Saved data entries:
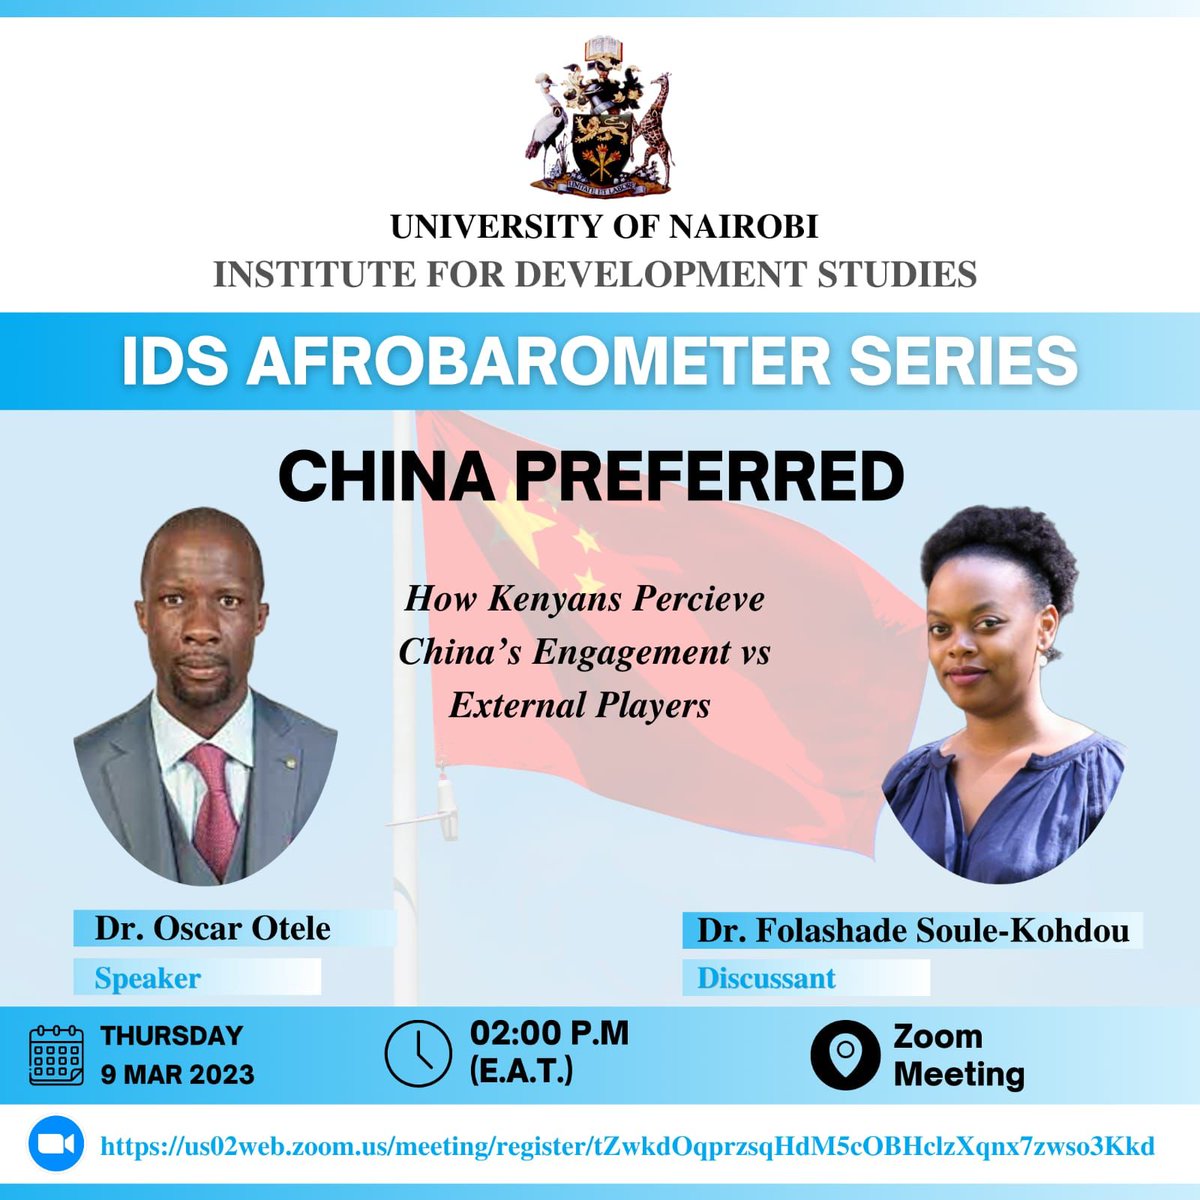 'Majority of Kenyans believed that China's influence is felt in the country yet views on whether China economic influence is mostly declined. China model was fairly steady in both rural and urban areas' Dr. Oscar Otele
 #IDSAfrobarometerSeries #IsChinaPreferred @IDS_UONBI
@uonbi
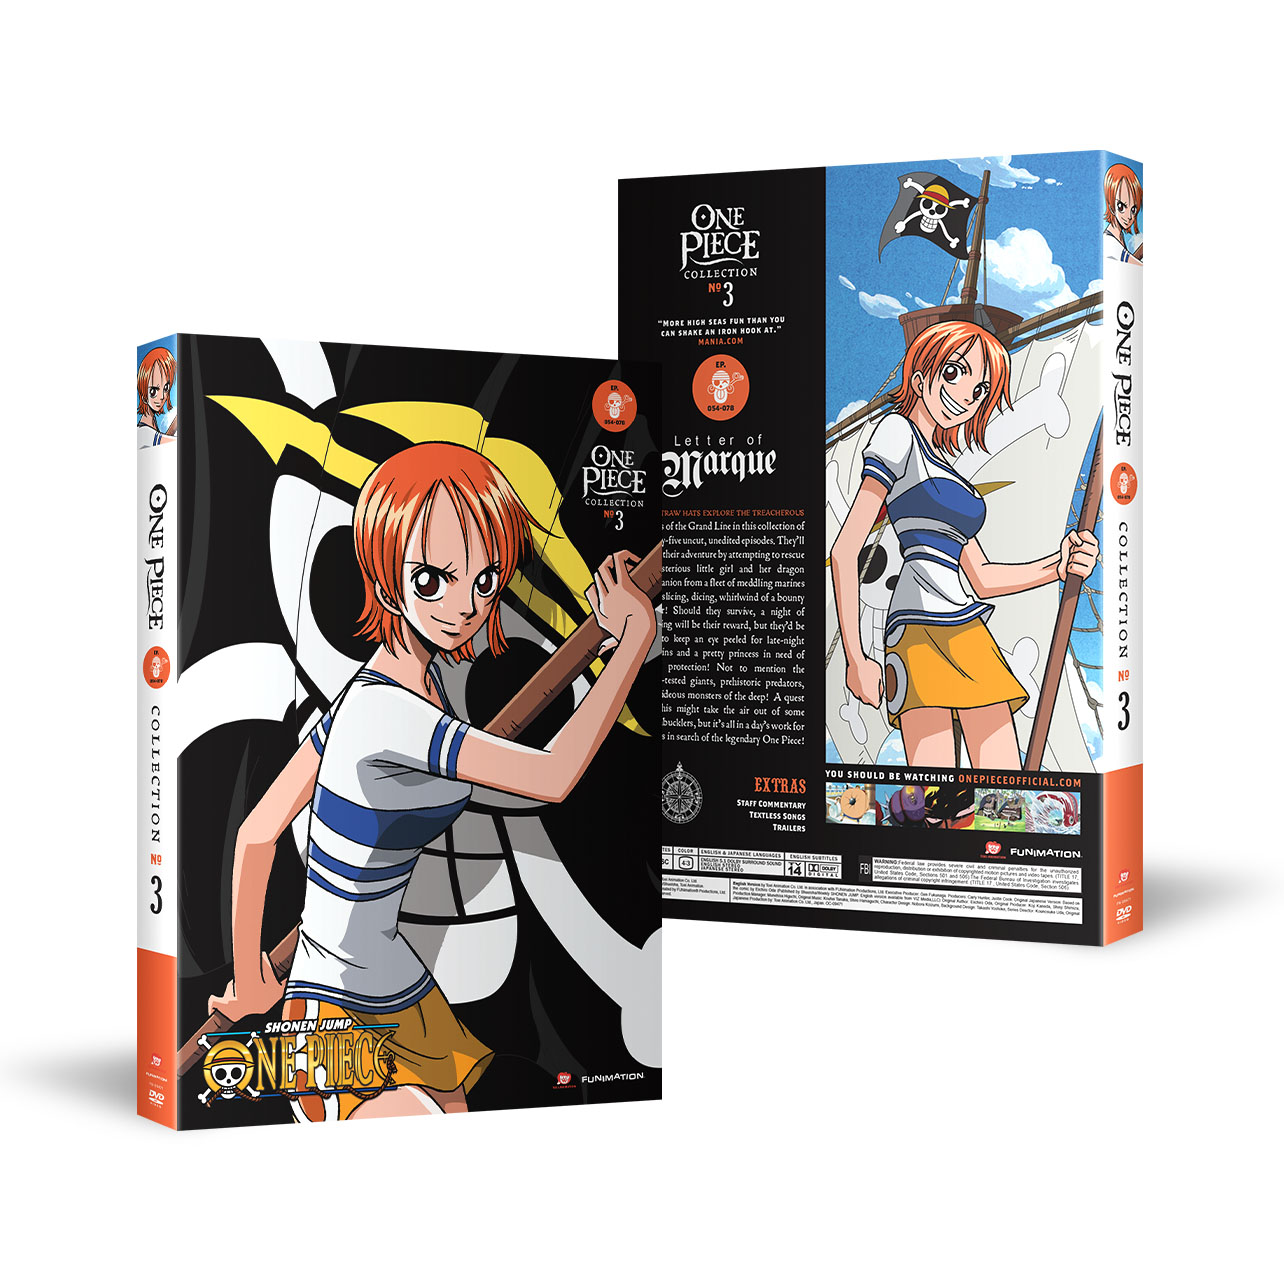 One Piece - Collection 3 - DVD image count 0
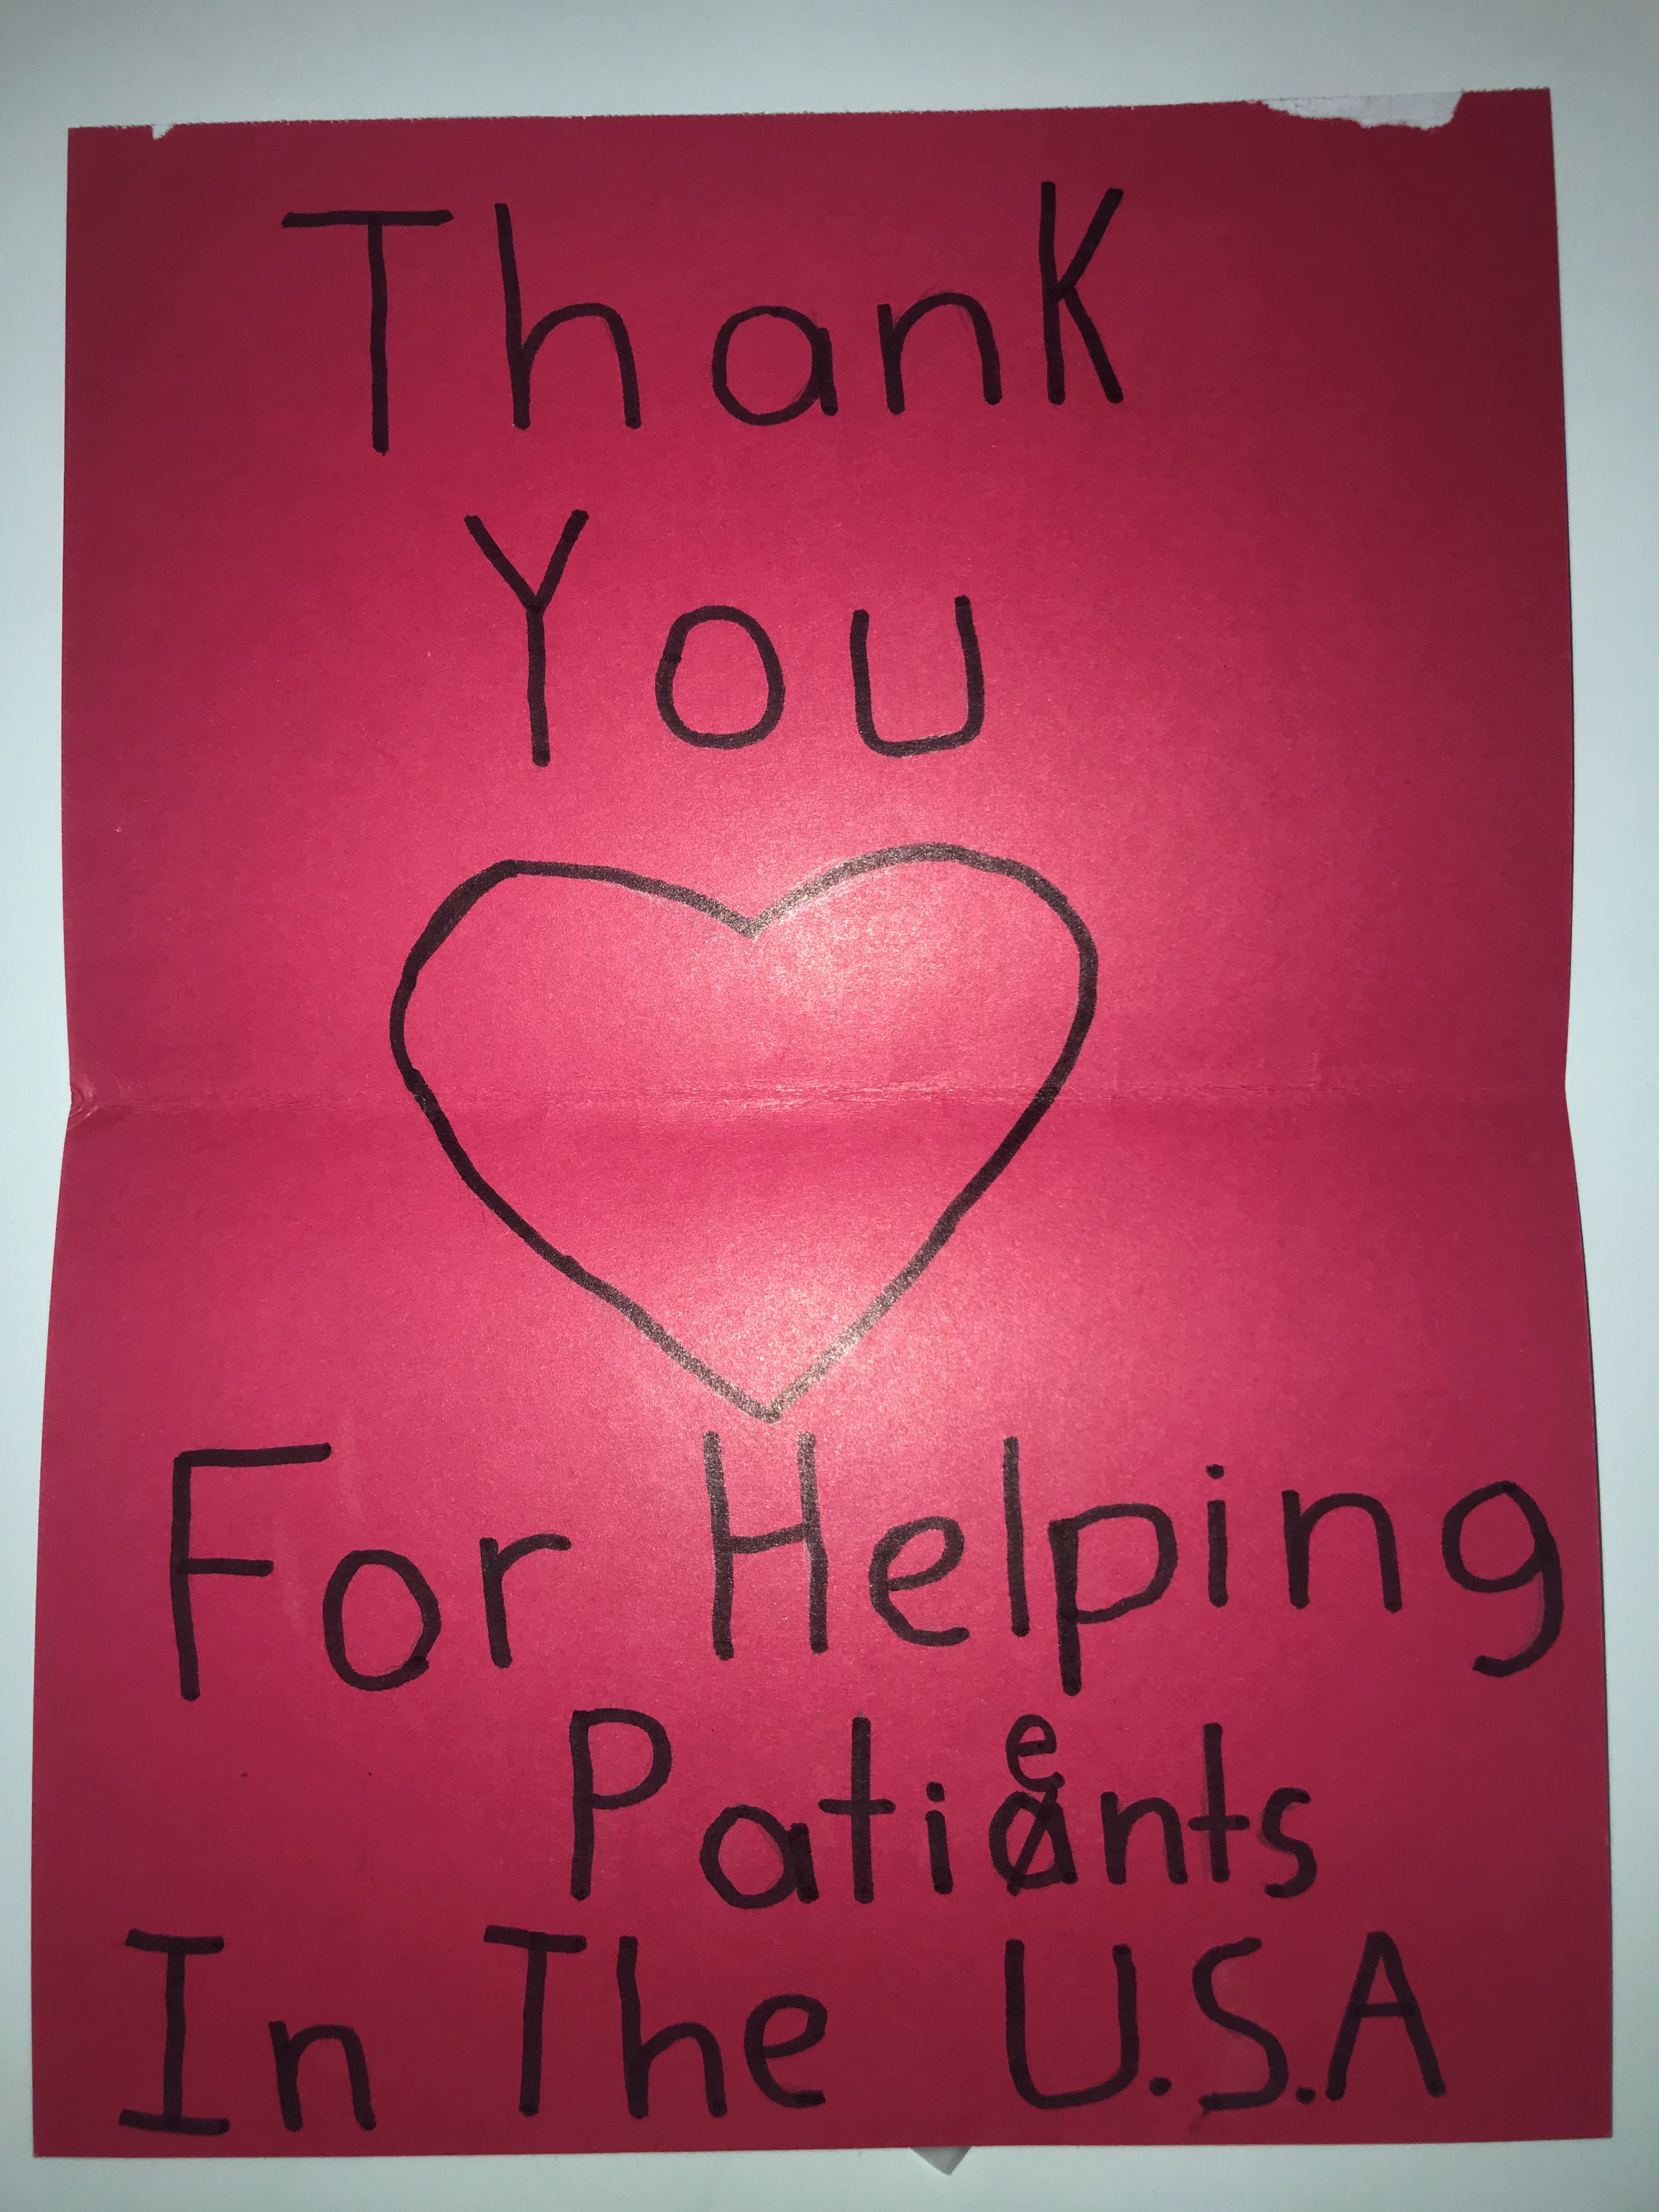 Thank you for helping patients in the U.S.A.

» **Exercise brief**:
Every line of the data is to be transcribed exactly, and no picture is to be included.

» **Your solution**:
 'Majority of Kenyans believed that China's influence is felt in the country yet views on whether China economic influence is mostly declined. China model was fairly steady in both rural and urban areas' Dr. Oscar Otele
 #IDSAfrobarometerSeries #IsChinaPreferred @IDS_UONBI
@uonbi
 One Piece - Collection 3 - DVD image count 0
 Thank you for helping patients in the U.S.A.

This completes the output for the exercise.